Full_Name: Quanah Gibson-Mount Version: 2.4.46 OS: N/A URL: ftp://ftp.openldap.org/incoming/ Submission from: (NULL) (47.208.148.239)

While investigating a report of an issue with slapo-ppolicy in an MMR environment, I've found that ppolicy is destructive in a delta-sync replicated environment.

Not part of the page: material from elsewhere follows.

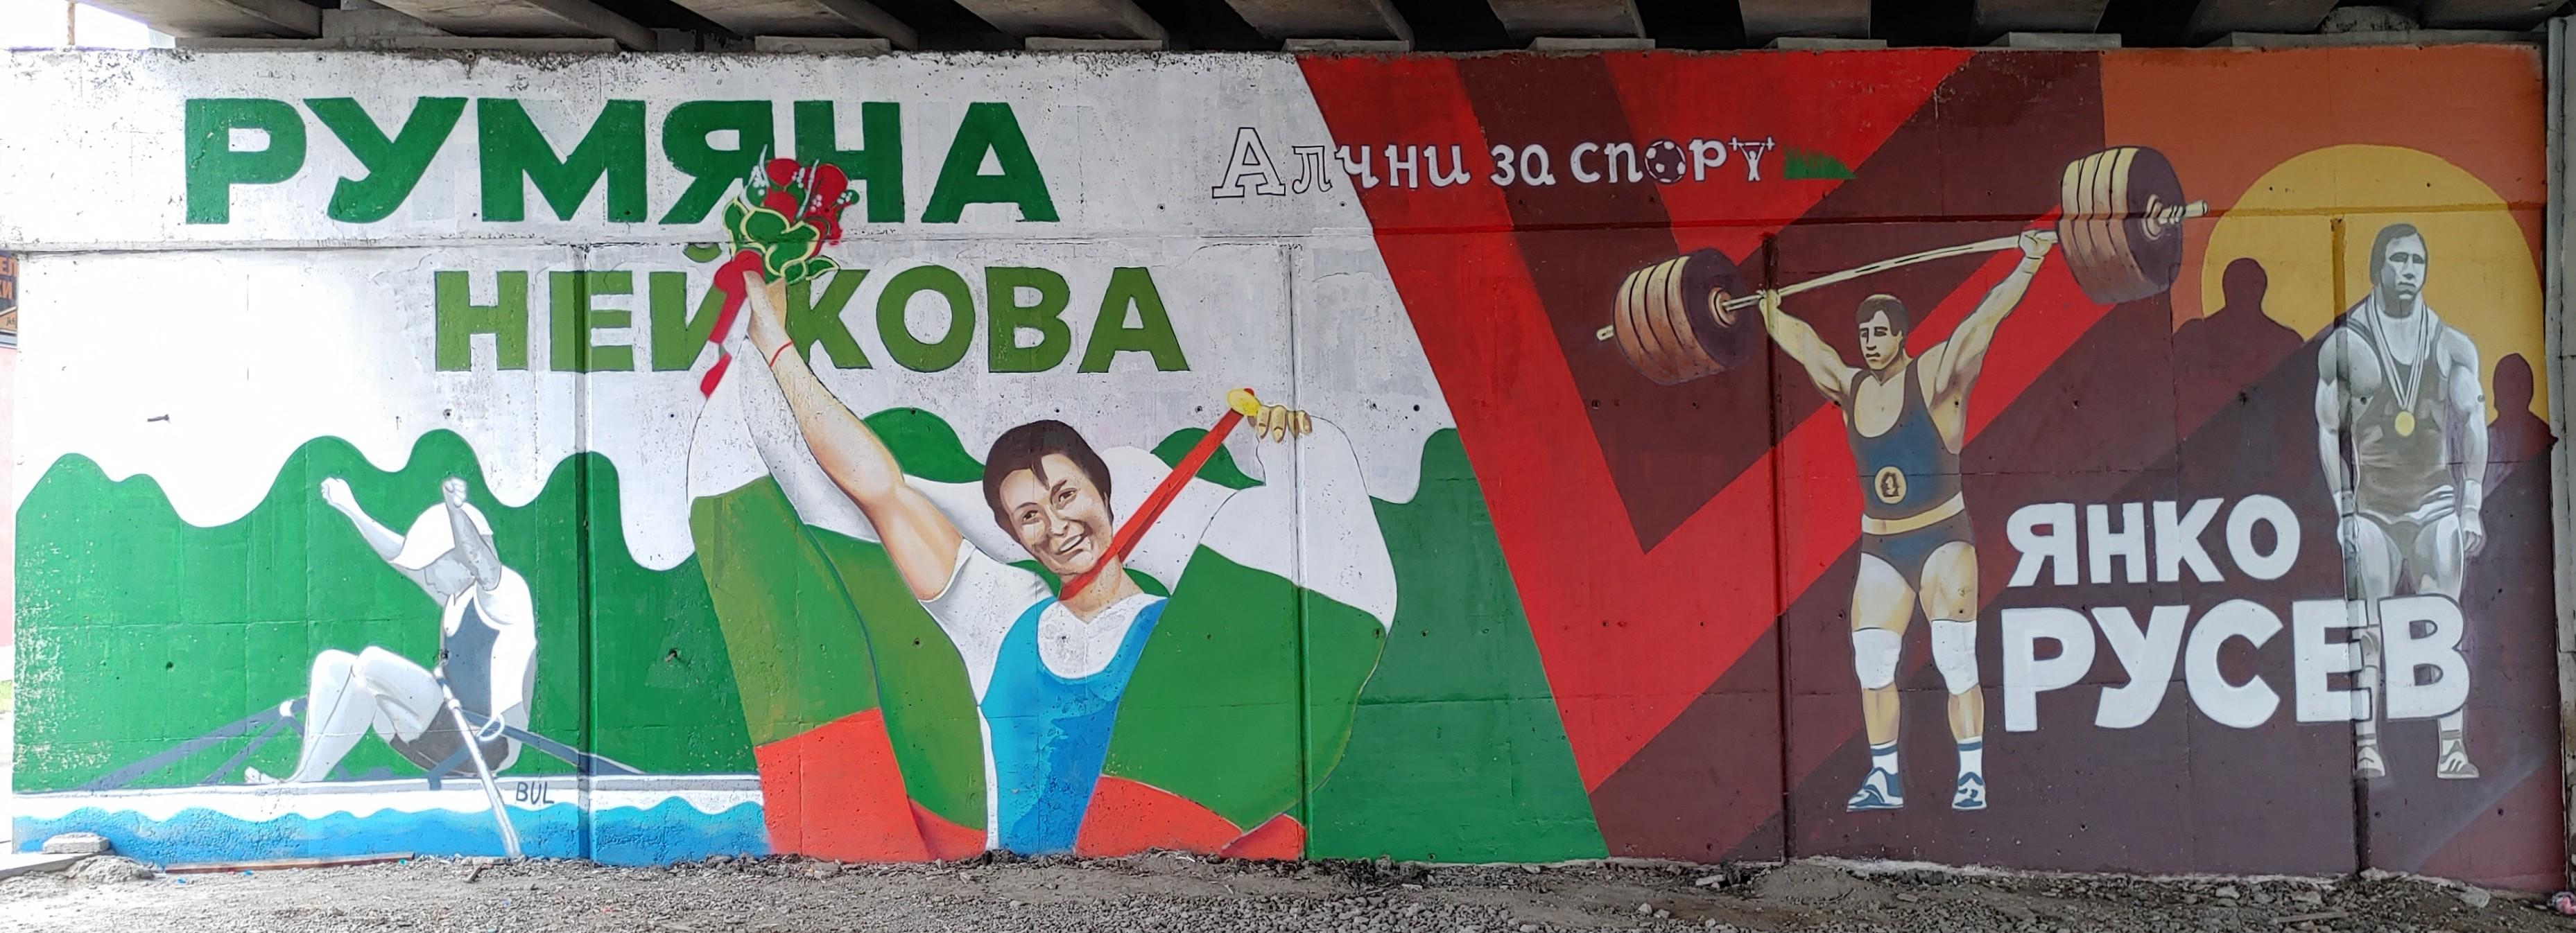 Румяна Нейкова и Янко Русев графит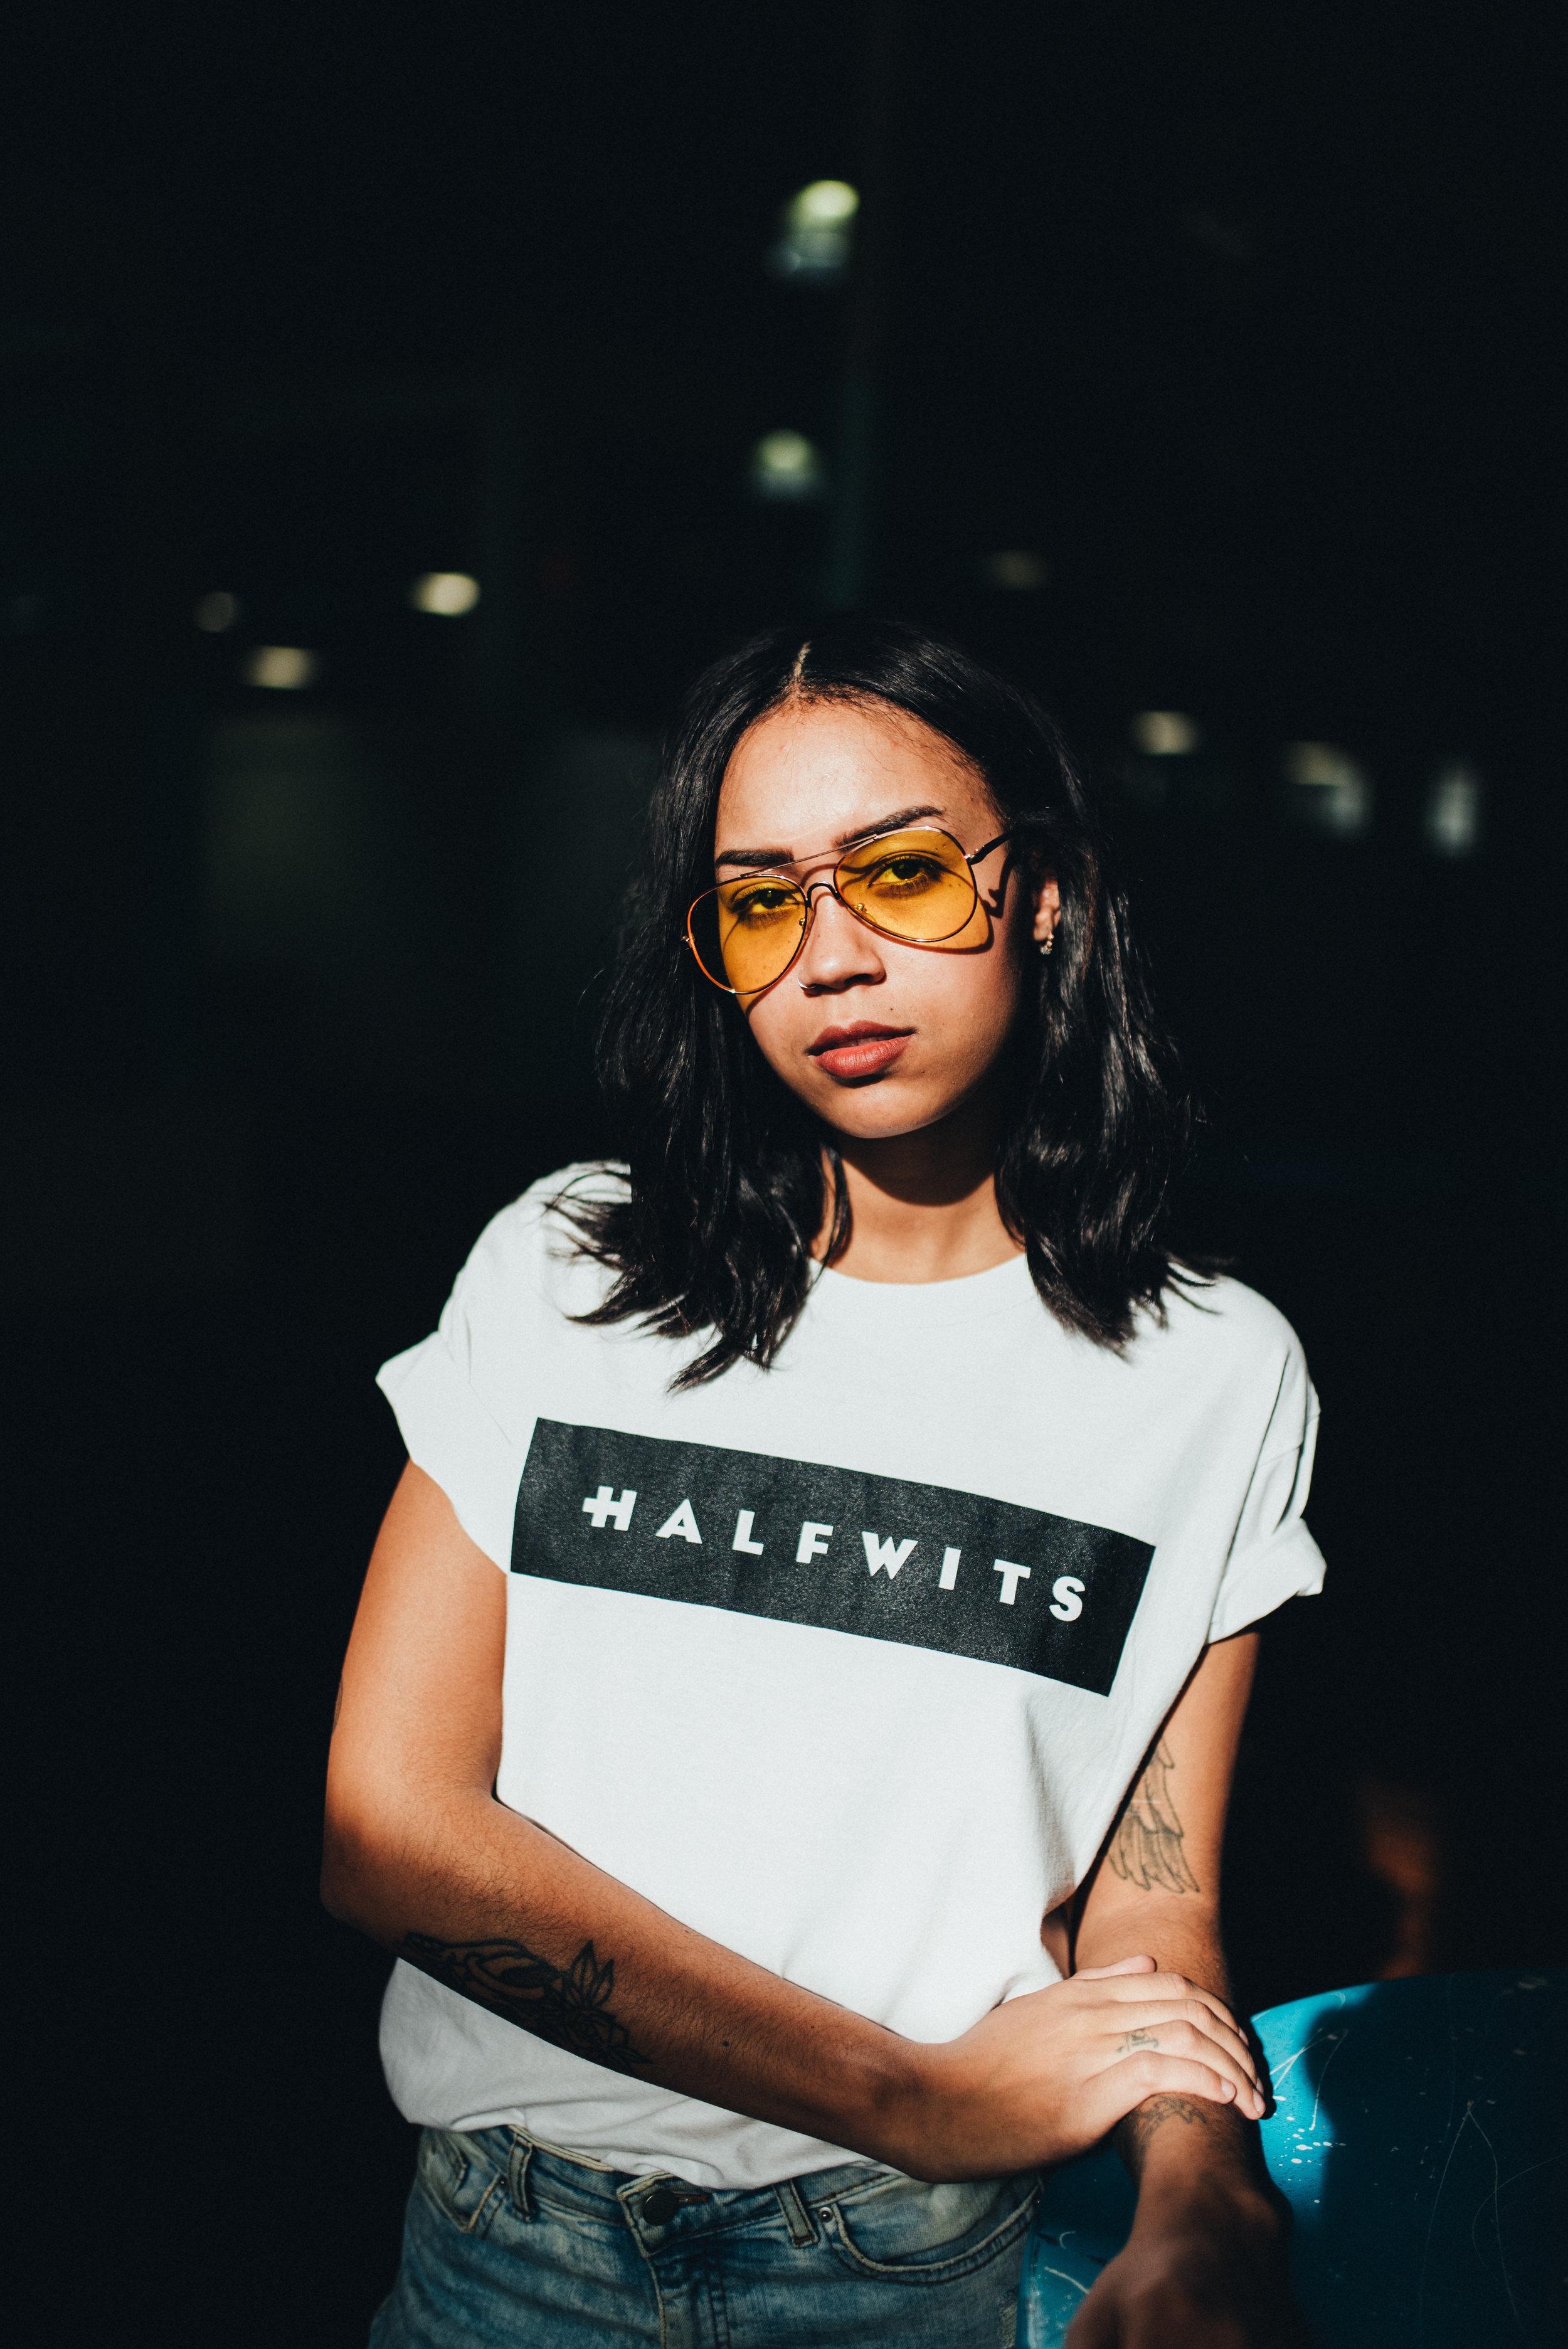 HALFWITS -

The root cause of course is that there is no guidance on how to handle how replication works with ppolicy, a deficiency that must be addressed before any final draft is completed.

Reproduction case:

a) Set up a delta-sync replicated environment with slapo-ppolicy enabled and a default policy of:

pwdAttribute: userPassword pwdLockout: TRUE pwdLockoutDuration: 1800 pwdMaxFailure: 100 pwdFailureCountInterval: 300

b) Bind as a user to master1 with an invalid password

c) perform an ldap v3 password modify against master1 as an administrative user and reset the password for the user in step b

When the second action is performed (c), all consumers will go into REFRESH mode:

Oct 11 11:44:37 anvil2 slapd[5791]: syncrepl_null_callback : error code 0x10 Oct 11 11:44:37 anvil2 slapd[5791]: slap_graduate_commit_csn: removing 0x7faf10106000 20181011184437.093014Z#000000#001#000000 Oct 11 11:44:37 anvil2 slapd[5791]: syncrepl_message_to_op: rid=001 be_modify uid=user1,ou=user,dc=example,dc=com (16) Oct 11 11:44:37 anvil2 slapd[5791]: do_syncrep2: rid=001 delta-sync lost sync on (reqStart=20181011184437.000001Z,cn=accesslog), switching to REFRESH

As noted in ITS#8125, going into REFRESH mode can cause data loss.